§ **TASK DESCRIPTION**
Going through the entries, how many lines include the string "Новости"? Answer only with the number.

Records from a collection
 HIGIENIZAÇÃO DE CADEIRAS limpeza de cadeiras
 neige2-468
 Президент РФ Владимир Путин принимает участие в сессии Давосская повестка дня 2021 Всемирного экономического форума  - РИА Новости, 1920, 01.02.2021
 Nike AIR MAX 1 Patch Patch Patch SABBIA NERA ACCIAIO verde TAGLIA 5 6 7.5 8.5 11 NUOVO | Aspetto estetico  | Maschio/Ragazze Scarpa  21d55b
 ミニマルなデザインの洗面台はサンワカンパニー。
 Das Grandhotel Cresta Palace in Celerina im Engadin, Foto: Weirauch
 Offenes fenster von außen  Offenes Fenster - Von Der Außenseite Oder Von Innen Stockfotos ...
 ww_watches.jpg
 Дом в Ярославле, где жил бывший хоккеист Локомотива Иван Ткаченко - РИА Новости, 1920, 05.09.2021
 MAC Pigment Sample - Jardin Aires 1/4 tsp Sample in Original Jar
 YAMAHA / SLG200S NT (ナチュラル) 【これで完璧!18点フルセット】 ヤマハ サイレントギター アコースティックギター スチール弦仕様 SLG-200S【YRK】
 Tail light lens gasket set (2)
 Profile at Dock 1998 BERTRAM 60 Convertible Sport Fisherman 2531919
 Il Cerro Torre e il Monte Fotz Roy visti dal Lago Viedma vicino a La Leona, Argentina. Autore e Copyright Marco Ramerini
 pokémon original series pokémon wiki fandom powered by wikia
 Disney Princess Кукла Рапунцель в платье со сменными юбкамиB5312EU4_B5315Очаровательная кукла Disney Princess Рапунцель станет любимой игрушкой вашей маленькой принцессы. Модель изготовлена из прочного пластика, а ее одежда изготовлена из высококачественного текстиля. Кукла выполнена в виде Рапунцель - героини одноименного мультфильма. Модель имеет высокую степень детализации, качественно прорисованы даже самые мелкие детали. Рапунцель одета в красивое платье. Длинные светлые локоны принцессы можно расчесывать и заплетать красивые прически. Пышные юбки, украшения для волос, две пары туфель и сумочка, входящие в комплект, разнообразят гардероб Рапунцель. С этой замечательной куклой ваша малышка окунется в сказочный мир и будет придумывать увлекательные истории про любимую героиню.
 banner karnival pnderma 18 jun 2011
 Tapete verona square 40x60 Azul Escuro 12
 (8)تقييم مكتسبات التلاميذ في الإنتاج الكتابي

§ **FINISHED TASK**
2